Jumat, 14 September 2007

Hoff Interviews Andy Jaquith

Just a quick note -- Hoff conducted an excellent interview with Andy Jaquith at Take5 (Episode #6) - Five Questions for Andy Jaquith, Yankee Group Analyst and Metrician.... I liked this part (among others):

The arguments over metrics are overstated, but to the extent they are contentious, it is because "metrics" means different things to different people. For some people, who take a risk-centric view of security, metrics are about estimating risk based on a model. I'd put Pete Lindstrom, Russell Cameron Thomas and Alex Hutton in this camp.

For those with an IT operations background, metrics are what you get when you measure ongoing activities. Rich Bejtlich and I are probably closer to this view of the world. And there is a third camp that feels metrics should be all about financial measures, which brings us into the whole "return on security investment" topic. A lot of the ALE crowd thinks this is what metrics ought to be about. Just about every security certification course (SANS, CISSP) talks about ALE, for reasons I cannot fathom.

Once you understand that a person's point of view of "metrics" is going to be different depending on the camp they are in -- risk, operations or financial -- you can see why there might be some controversy between these three camps. There's also a fourth group that takes a look at the fracas and says, "I know why measuring things matter, but I don't believe a word any of you are talking about." That's Mike Rothman's view, I suspect.

China Cyberwar, or Not?

I've been writing about the Chinese threat for a while. I was glad to see Professor Spafford chime in with Who is Hacking Whom?:

It remains to be seen why so many stories are popping up now. It’s possible that there has been a recent surge in activity, or perhaps some recent change has made it more visible to various parties involved. However, that kind of behavior is normally kept under wraps. That several stories are leaking out, with similar elements, suggests that there may be some kind of political positioning also going on — the stories are being released to create leverage in some other situation.

Cynically, we can conclude that once some deal is concluded everyone will go back to quietly spying on each other and the stories will disappear for a while, only to surface again at some later time when it serves anoher political purpose. And once again, people will act surprised. If government and industry were really concerned, we’d see a huge surge in spending on defenses and research, and a big push to educate a cadre of cyber defenders.


You might also be wondering if the West and its allies is engaged in a "cyberwar" with China. Some might be asking if this is "information warfare." Here is my perspective.

DoD Joint Publication 3-13, Information Operations, differentiates between two sorts of offensive information operations.

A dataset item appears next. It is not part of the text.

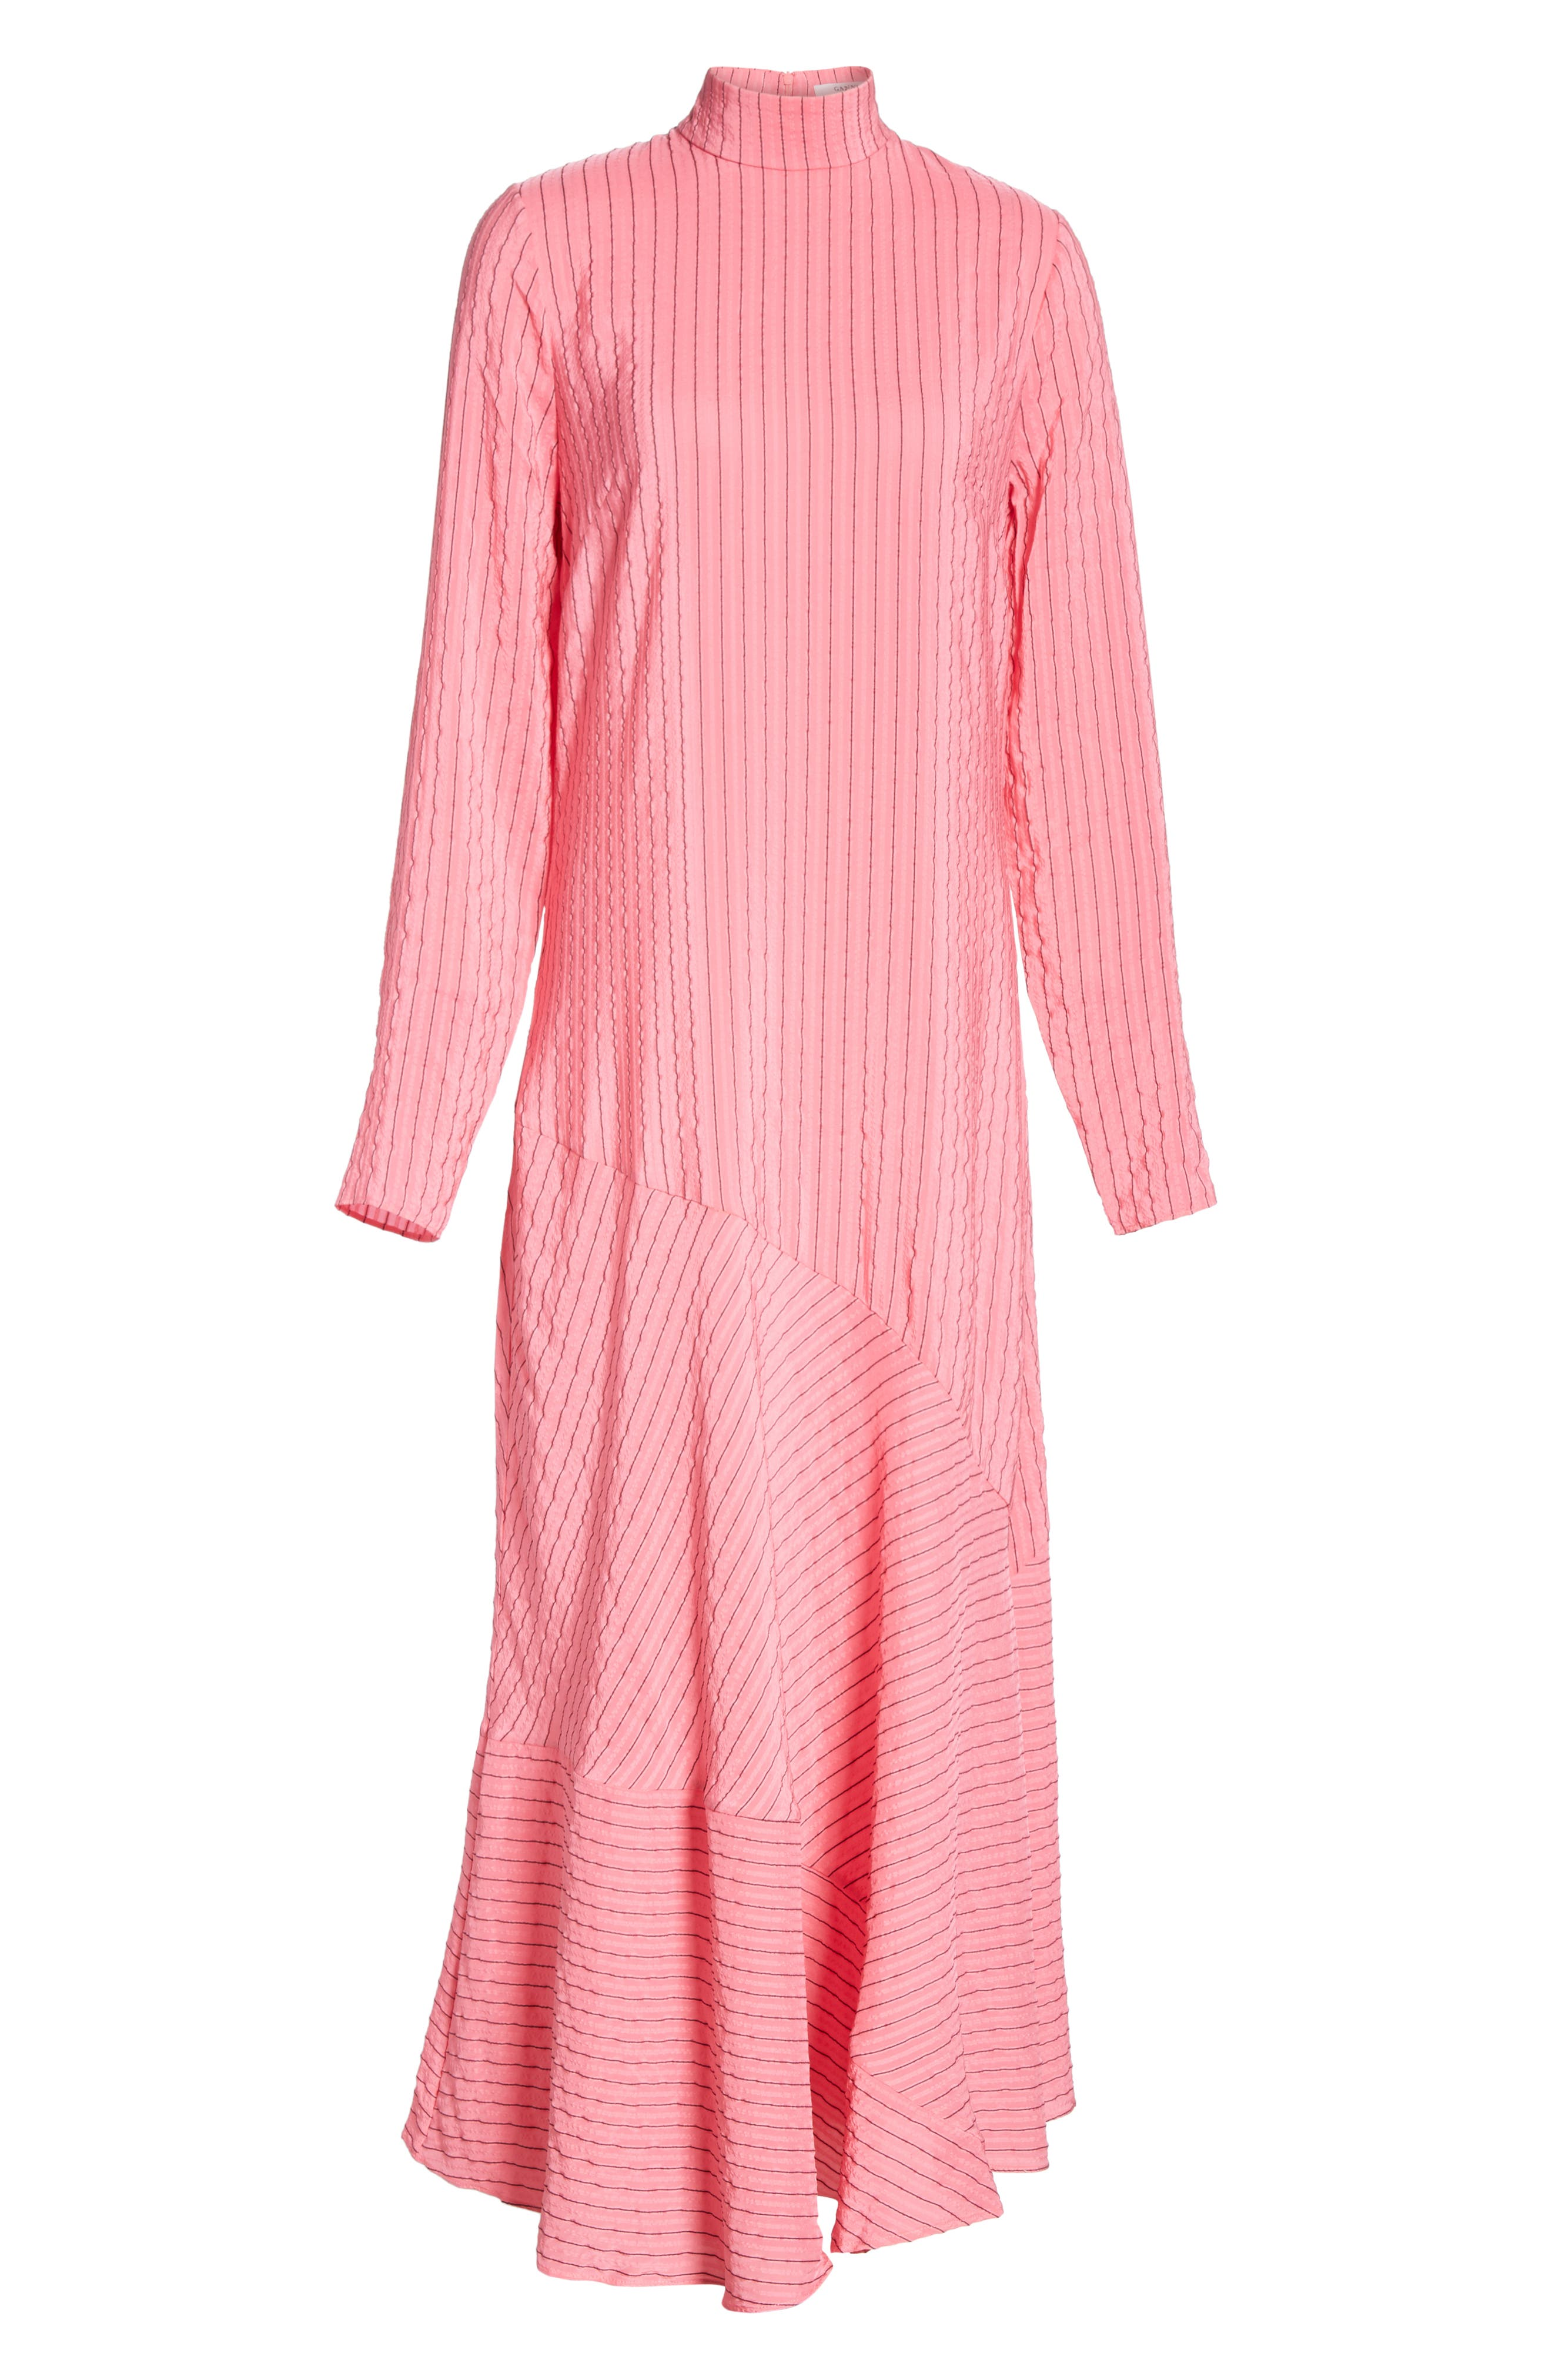 Seersucker Silk Blend Dress,                             Alternate thumbnail 6, color,                             650

  1. Computer Network Exploitation. Enabling operations and intelligence collection capabilities conducted through the use of computer networks to gather data from target or adversary automated information systems or networks. Also called CNE.

  2. Computer Network Attack. Actions taken through the use of computer networks to disrupt, deny, degrade, or destroy information resident in computers and computer networks, or the computers and networks themselves. Also called CNA.


You can think of CNE as spycraft, and CNA as warfare. In the physical world, the former is always occurring; the latter is hopefully much rarer. I would place all of the publicly reported activity from the last few months in the CNE category.

So why the war in the media over Chinese activity? I think this is part of the answer: what else can the West or China do? Consider similar situations and their consequences.

  • The UK seeks the extradition of Andrei Lugovo for the murder of Alexander Litvinenko. Russia refuses, so the UK expels four Russian "diplomats." Russia responds by expelling four UK "diplomats."

  • Russian bombers encroach on the North Sea. The UK scrambles interceptors.

  • The FBI discovers Robert Hansen is a Russian spy. The US expels six Russians, and the Russians seek to match that with their own expulsions.


This is how the international relations game is played. When the players have no way to express their concerns or make their intentions known, they are left with making statements to the media. The question is whether anything else might happen.

Kamis, 13 September 2007

US Needs Cyber NORAD

In addition to the previous Country v China stories I've been posting, consider the following excerpts. First, from China’s cyber army is preparing to march on America, says Pentagon:

Jim Melnick, a recently retired Pentagon computer network analyst, told The Times that the Chinese military holds hacking competitions to identify and recruit talented members for its cyber army.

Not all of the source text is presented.